Your instructions - The listing below should be printed in full and exactly, apart from its images.

─── Data provided ───

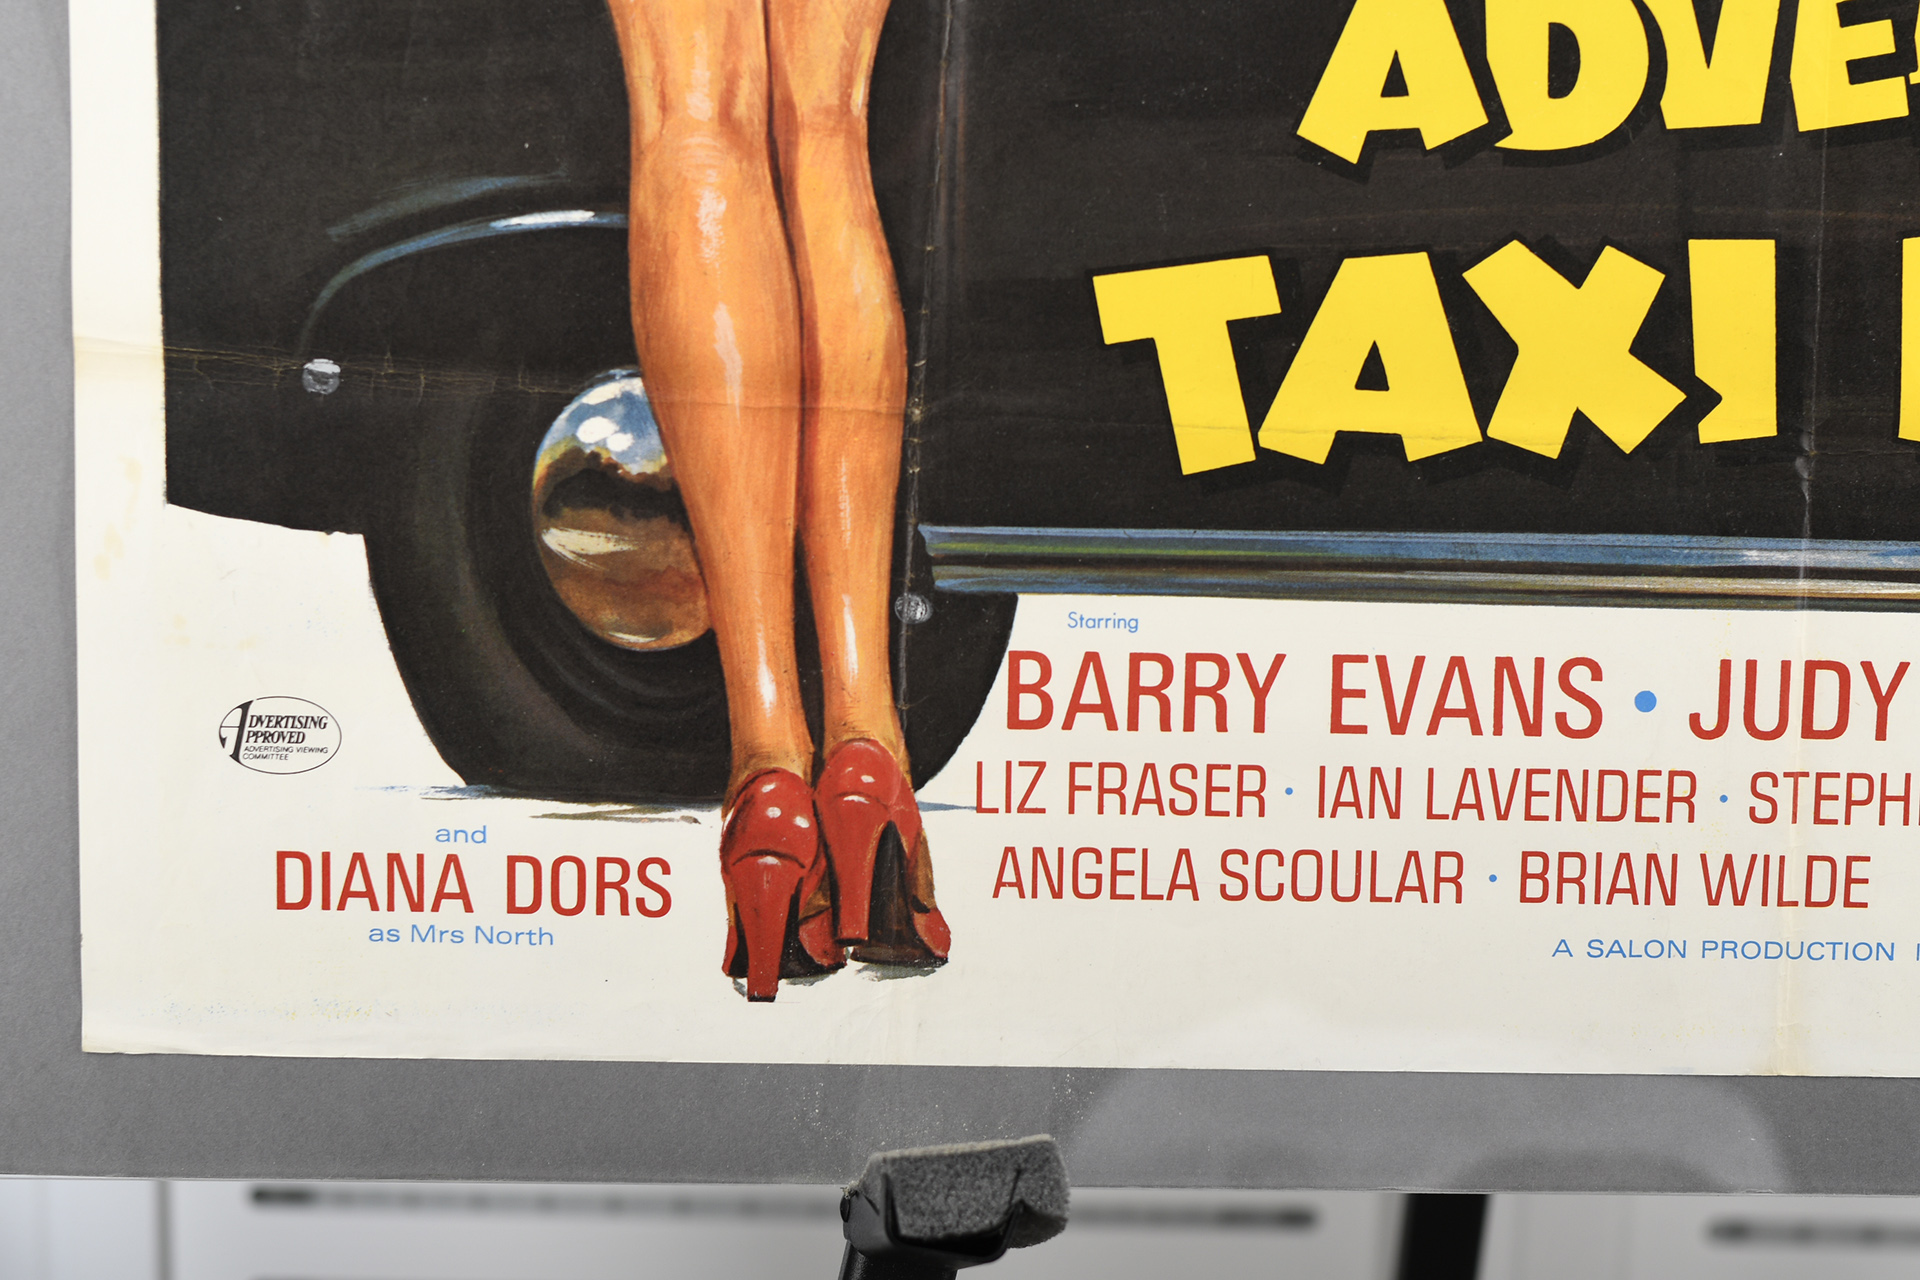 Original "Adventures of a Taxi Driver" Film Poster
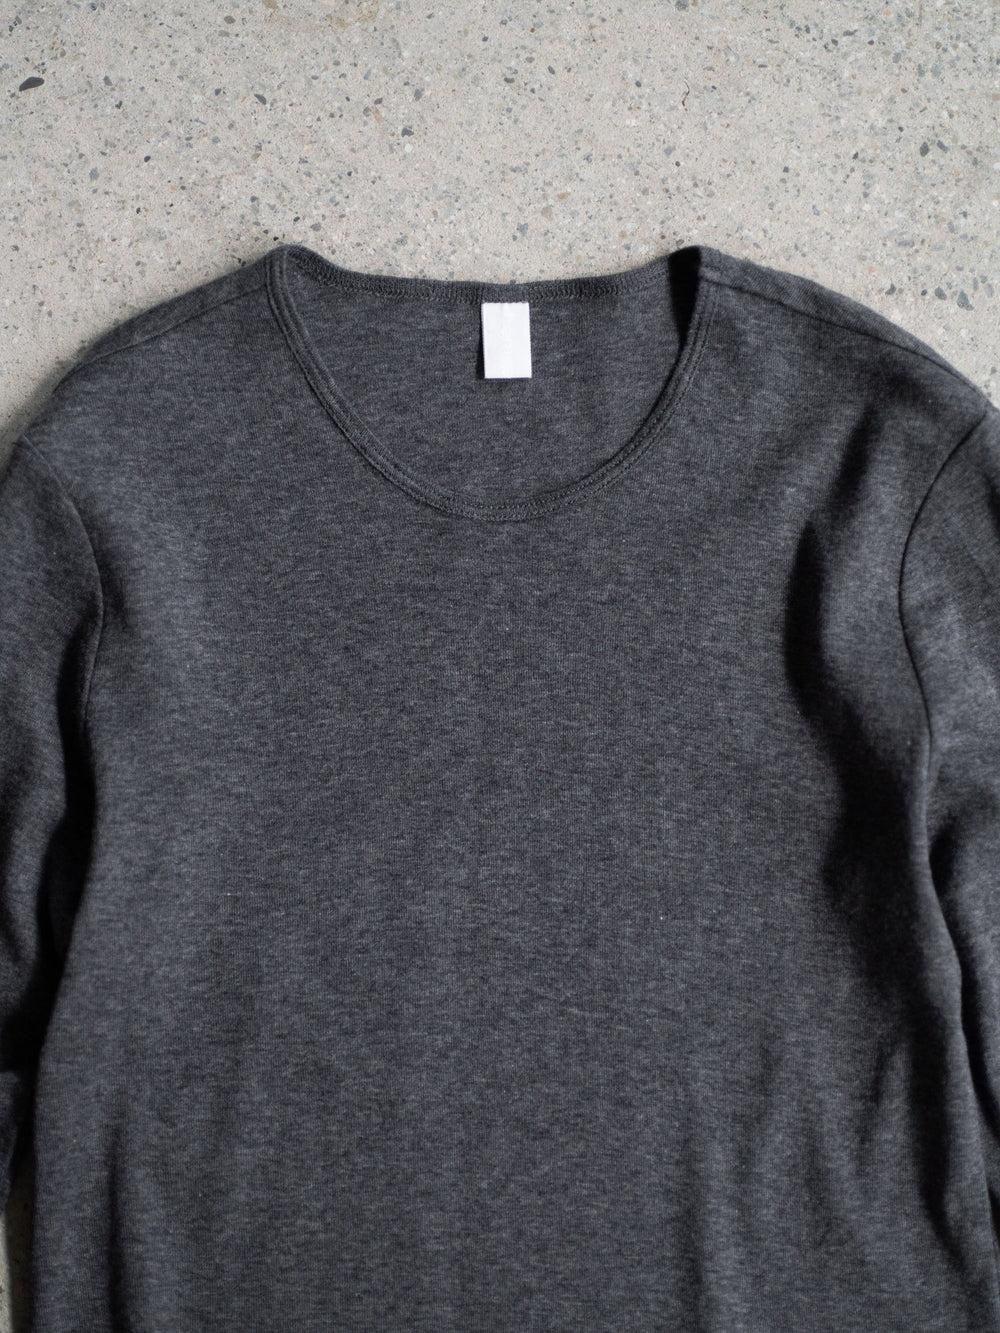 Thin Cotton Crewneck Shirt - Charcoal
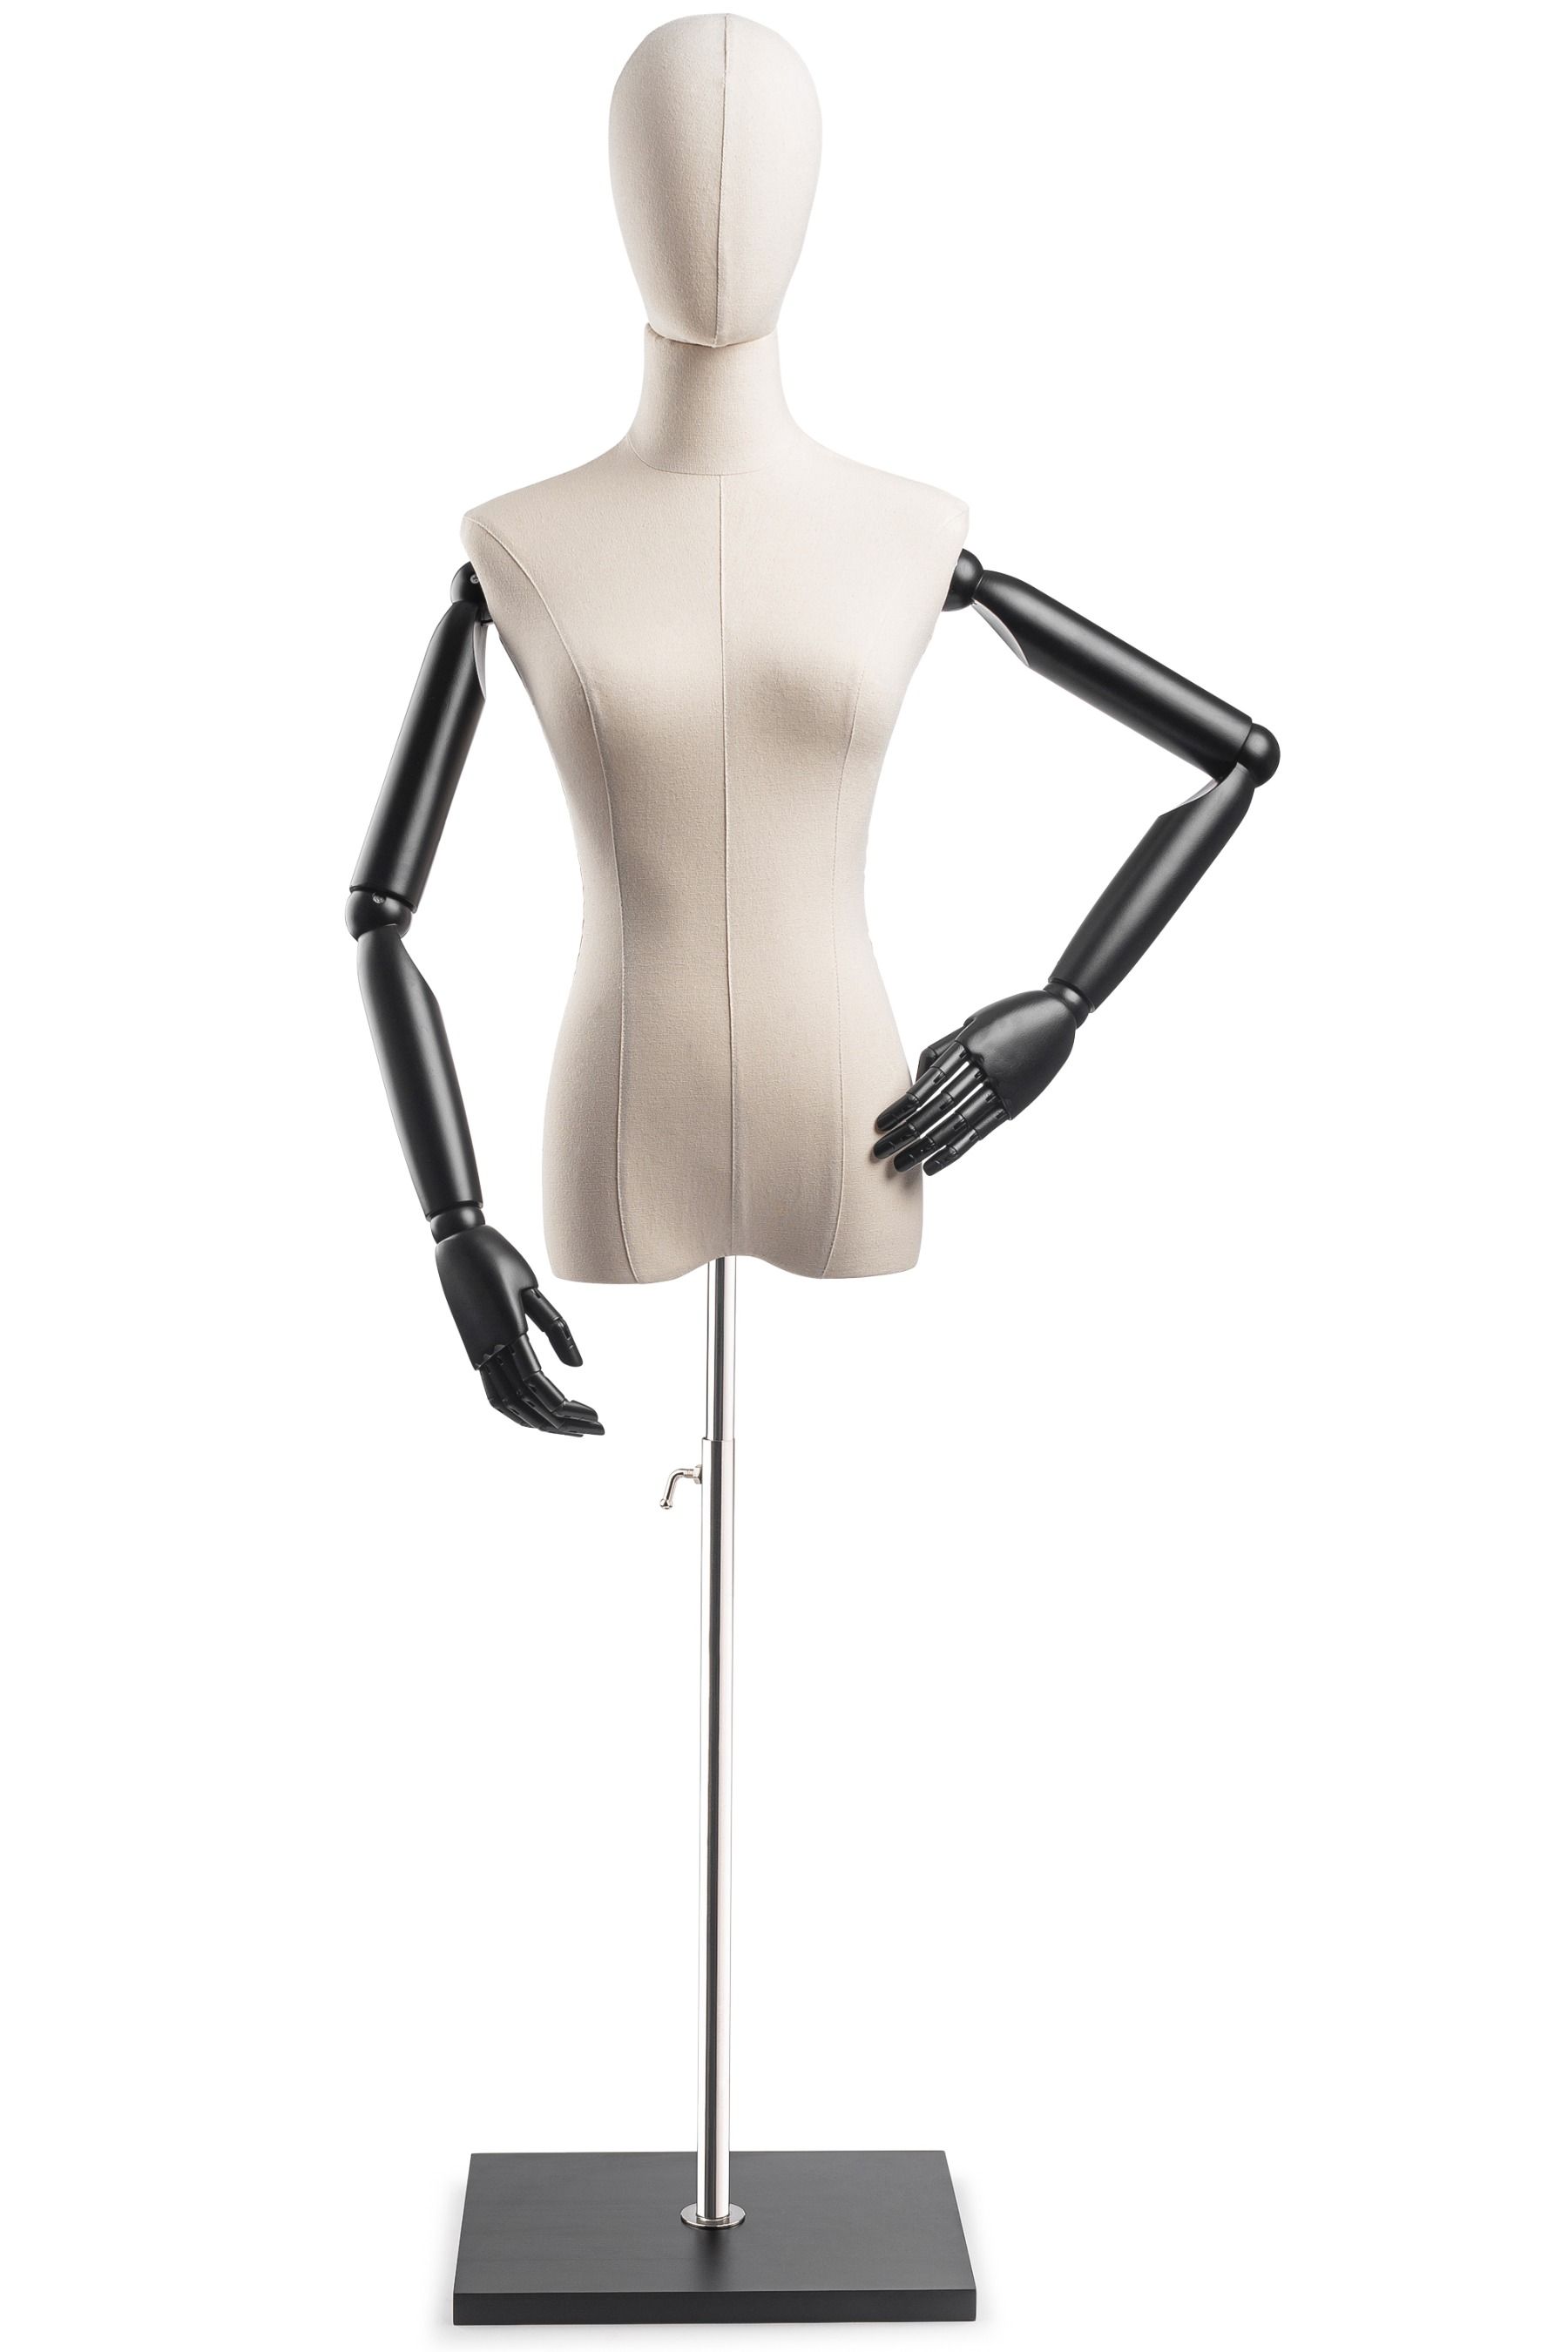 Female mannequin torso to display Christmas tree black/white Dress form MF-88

───

Result for this exercise -
 Original "Adventures of a Taxi Driver" Film Poster
 Thin Cotton Crewneck Shirt - Charcoal
 Female mannequin torso to display Christmas tree black/white Dress form MF-88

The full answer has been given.